На глаза сестры навернулись слезы жалости к дочери, покинувшей мир, где ей жилось бы так покойно и удобно.
Ян очень обяжет ее, если, вернувшись в столицу, разыщет Сигне и поговорит с ней по-хорошему. Может, ему она и откроет душу.
А теперь о Кристере, сыне. Он с такой энергией занялся делами, что выхватил фирму из рук отца. Тут сестра залилась слезами и ничего не смогла объяснить. Это сделал за нее Томас Гёрансон за чашкой шоколада и легкой послеобеденной сигарой.
Сначала Кристер откупил у Сигне ее долю в фирме, потом завладел теми пятью процентами, которые он, Гёрансон, пожертвовал церкви на благотворительные цели. Добрый старый епископ, к сожалению уже впавший в старческое слабоумие, уступил их ему в обмен на вполне надежные бумаги нефтяной компании, чем подвел черту под своей карьерой, после этой акции ему пришлось уйти на покой.

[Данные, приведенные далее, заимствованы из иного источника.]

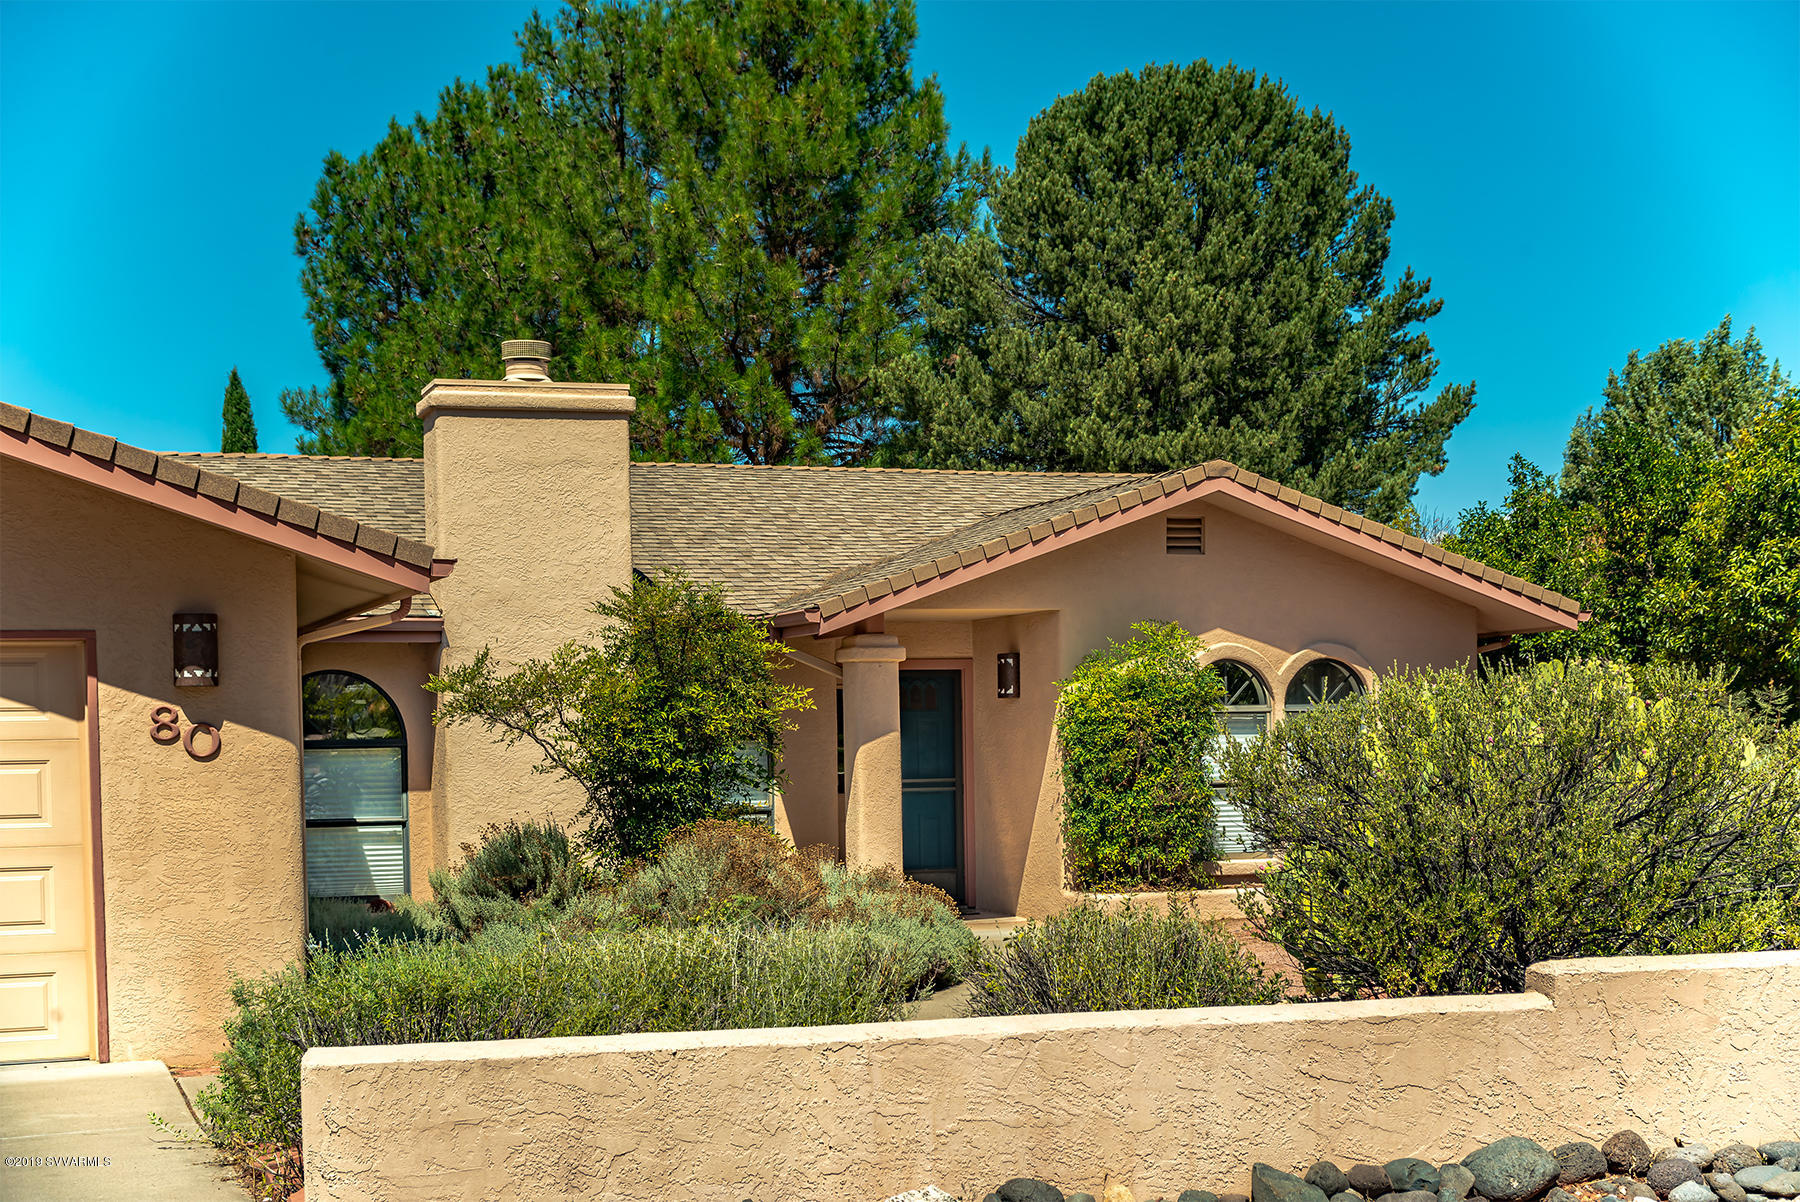 80 Rim Trail Drive Sedona, AZ 86351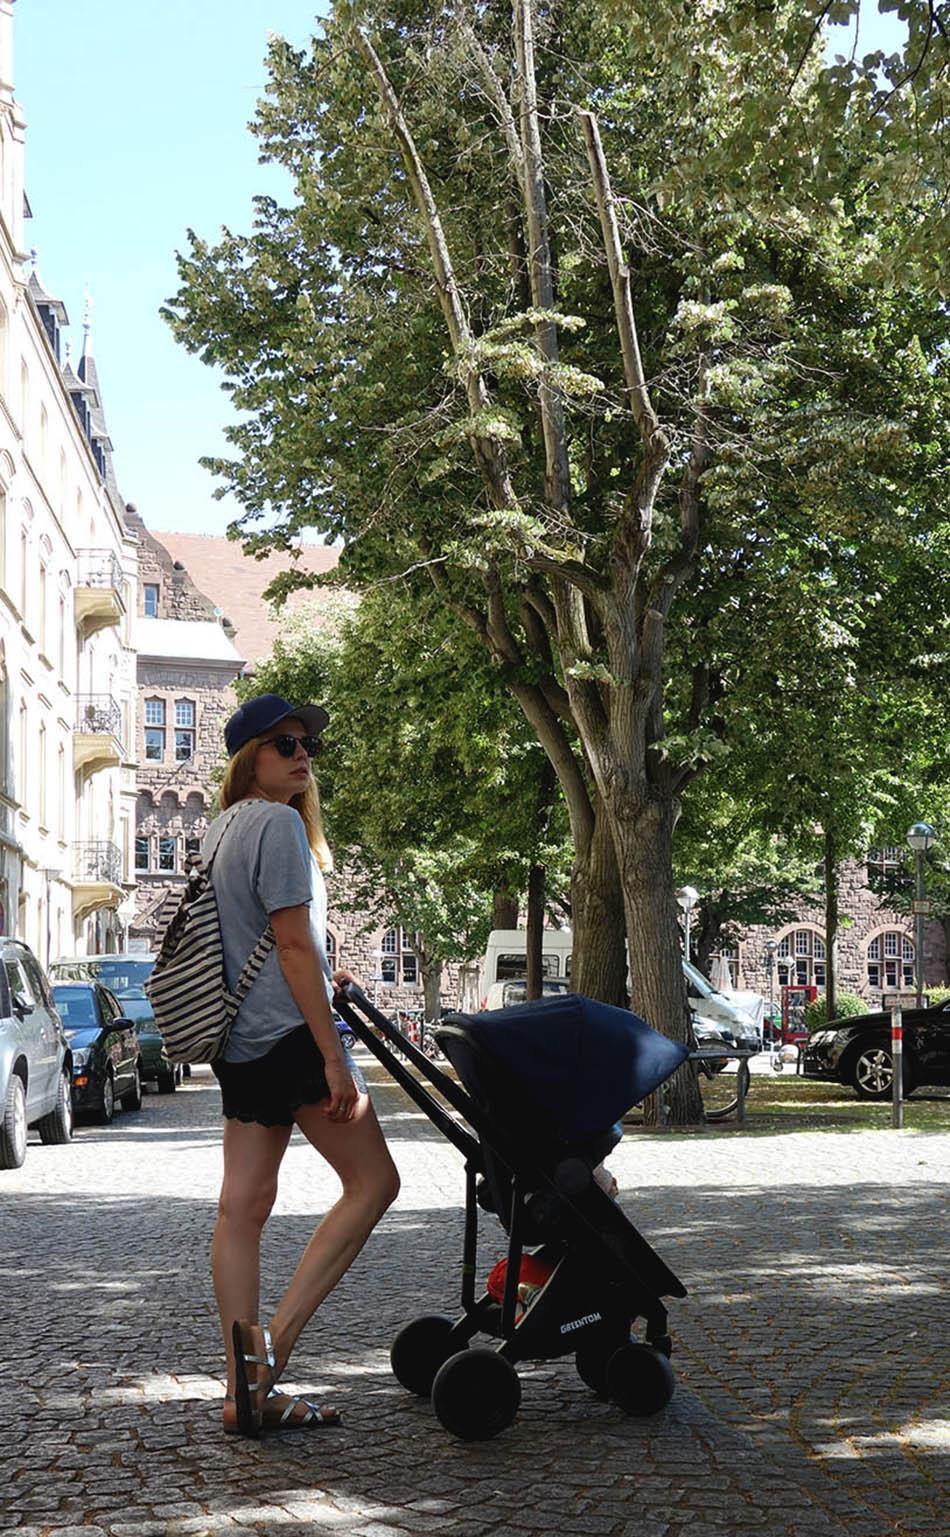 Kinderwagen im Test Greentom Upp 3in1 - Grün, stilvoll, funktional, nachhaltig, kinderwagen modern, alternative joolz, ekulele, mumblog, mamablog, alltag mit kind, streetstyle, mumlife (6)

Все это, вместе взятое, дало бы Кристеру только сорок пять процентов, но потом они построили новый завод бетонных труб: представился случай купить участок земли по довольно сходной цене, а главное, он, Томас Гёрансон, хотел дать работу тем, кого пришлось уволить с основного завода фирмы после проведенной там автоматизации. Для этого они выпустили новые процентные бумаги и заключили ряд сделок, а когда все было закончено, в руках сына оказалось пятьдесят пять процентов капитала, и он из компаньона отца превратился в главу фирмы.
С деловой точки зрения Томас Гёрансон не мог не оценить по достоинству эту операцию сына, которая и с нравственной стороны представлялась ему вполне безупречной.
«Но для меня жизнь потеряла смысл и цель», — заключил он.
Ян Сербин сразу и без труда — ощущая смутное беспокойство по поводу этой новой для него способности — уяснил суть финансовых ходов, сделавших Кристера Гёрансона единоличным главой фирмы; зато лишь с большим трудом он уяснил, почему для сестры и ее мужа это означало конец их счастливой жизни. Разве их счастьем были деньги?
Дело не в деньгах, ответили оба в один голос. Да их и не стало меньше, вероятно, со временем будет даже больше.
«Тогда, значит, власть?»
«В моей власти было делать добро людям», — ответил Томас.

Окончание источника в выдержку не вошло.